### Data segment
________
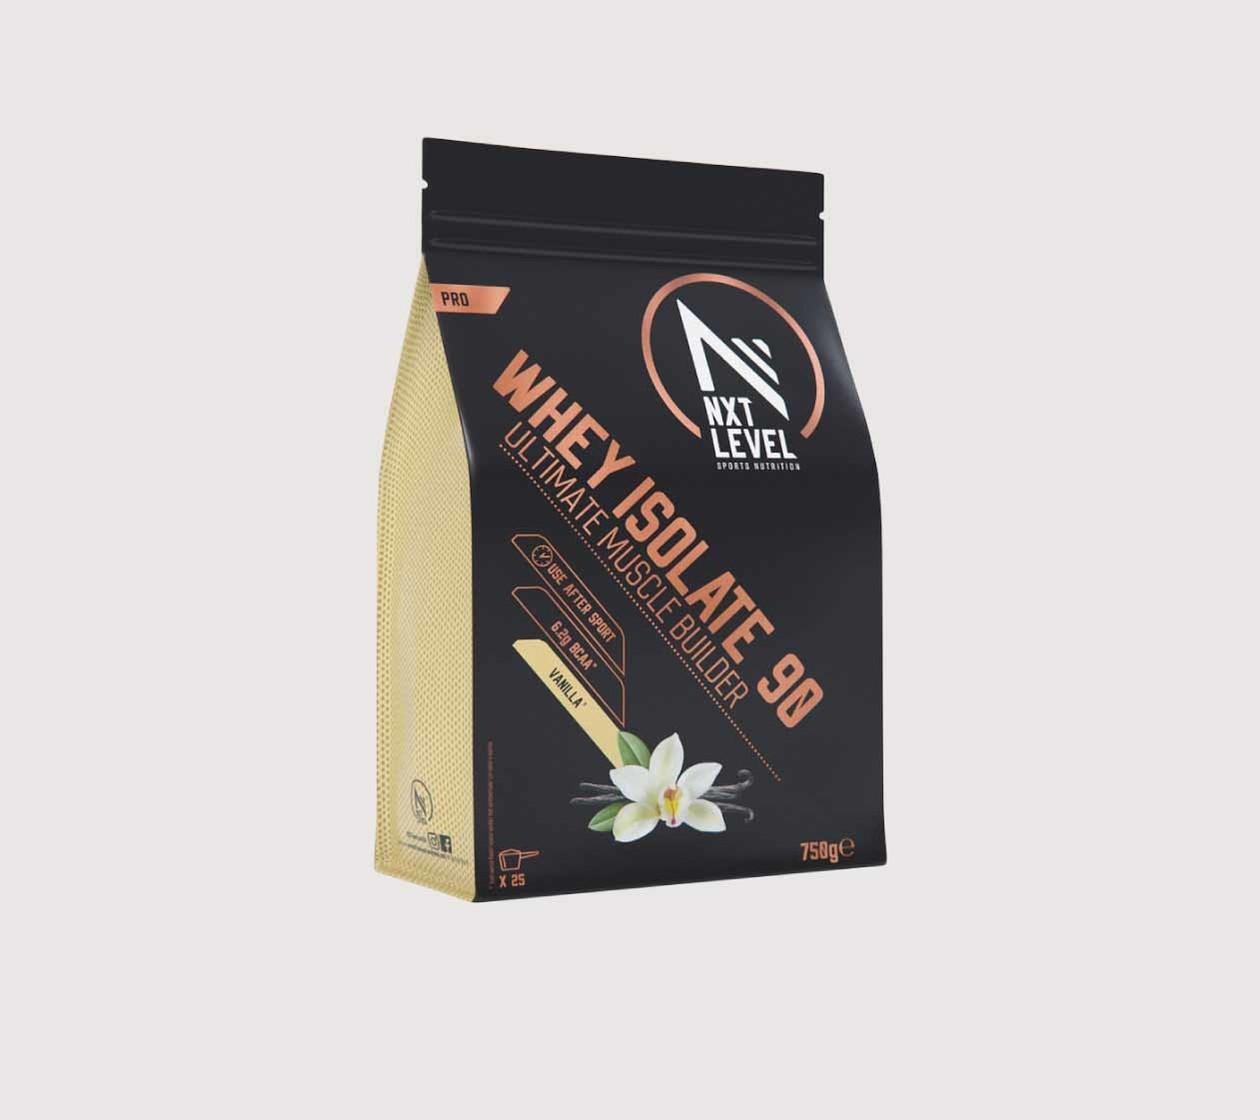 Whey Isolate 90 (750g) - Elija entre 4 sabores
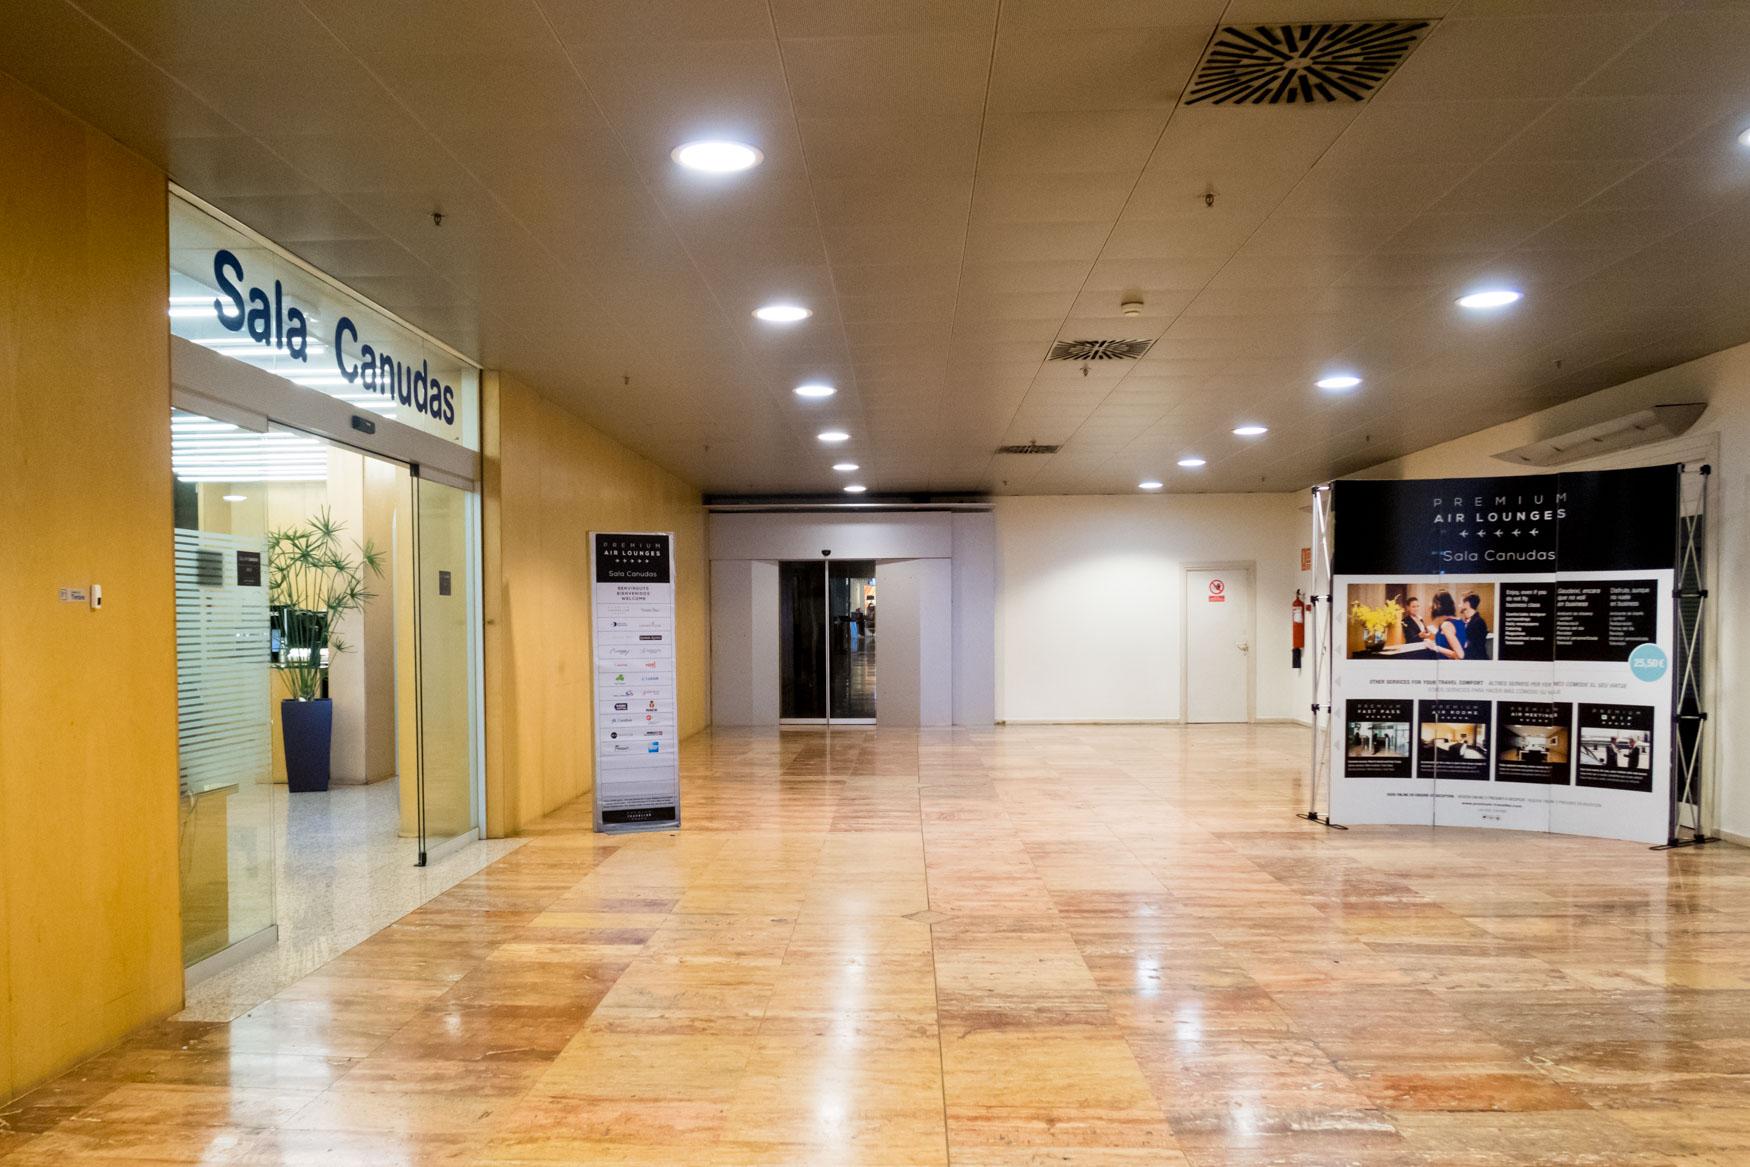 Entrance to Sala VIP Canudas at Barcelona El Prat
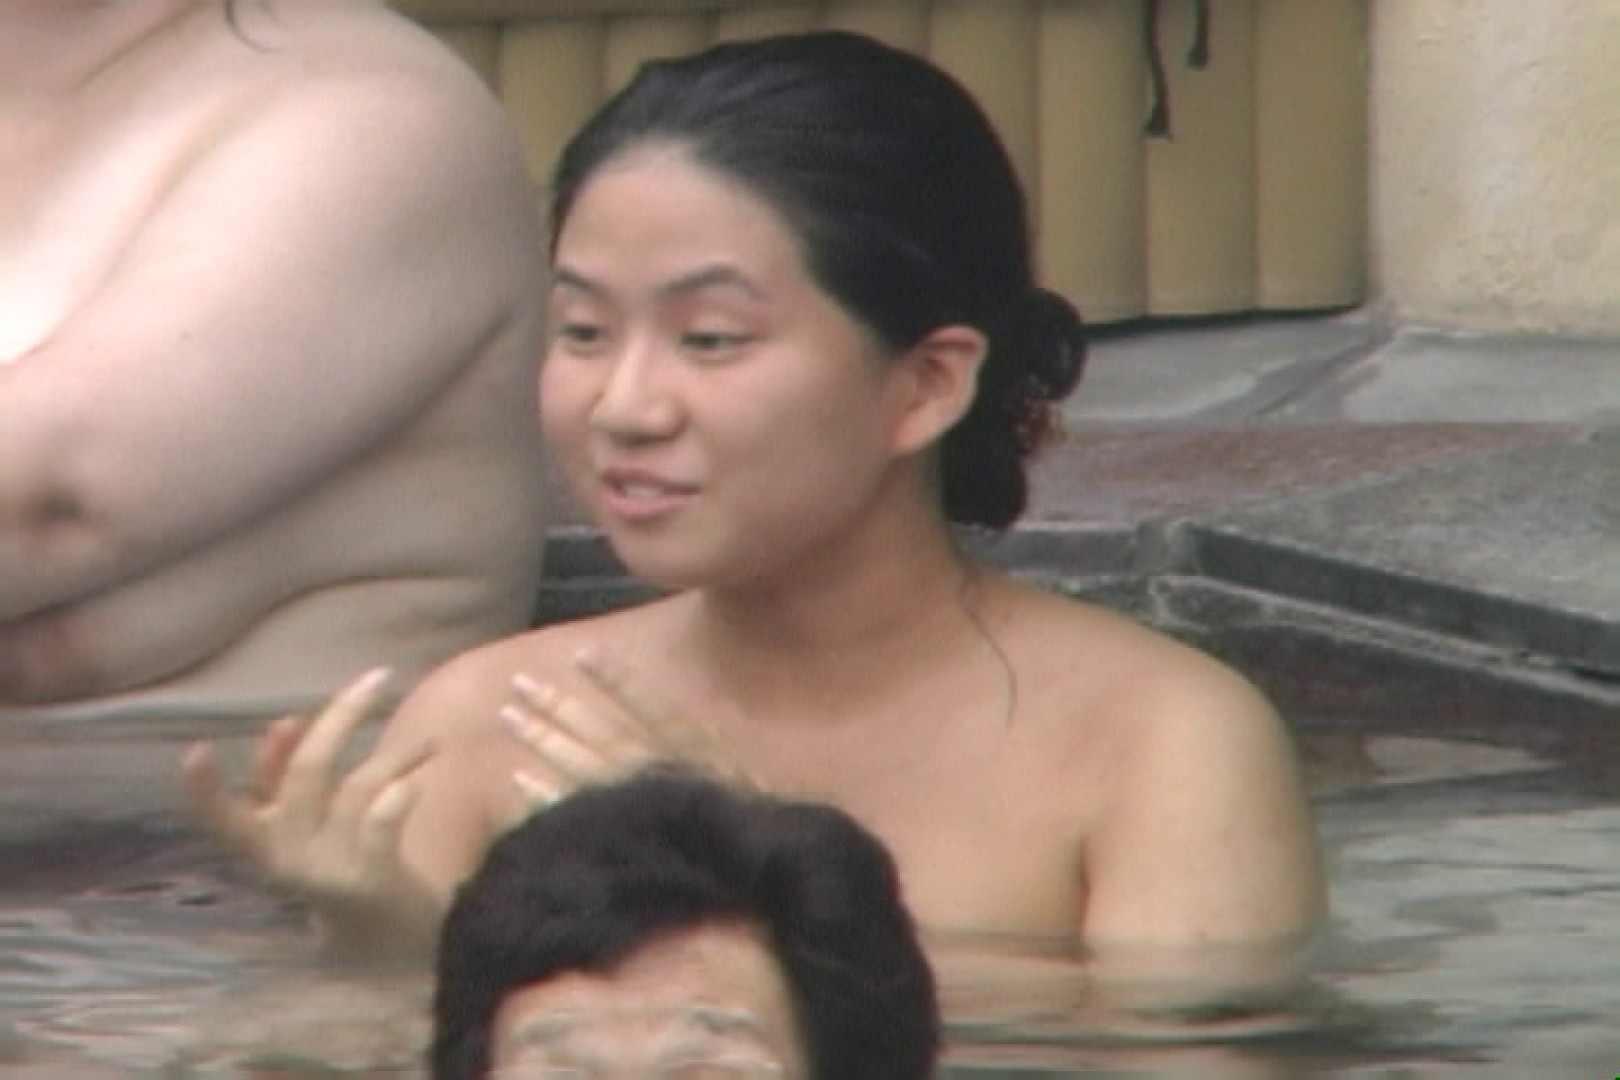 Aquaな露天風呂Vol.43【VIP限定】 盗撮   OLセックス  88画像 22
________
Skip every picture, and give the rest of the material above again exactly.

 Whey Isolate 90 (750g) - Elija entre 4 sabores
 Entrance to Sala VIP Canudas at Barcelona El Prat
 Aquaな露天風呂Vol.43【VIP限定】 盗撮   OLセックス  88画像 22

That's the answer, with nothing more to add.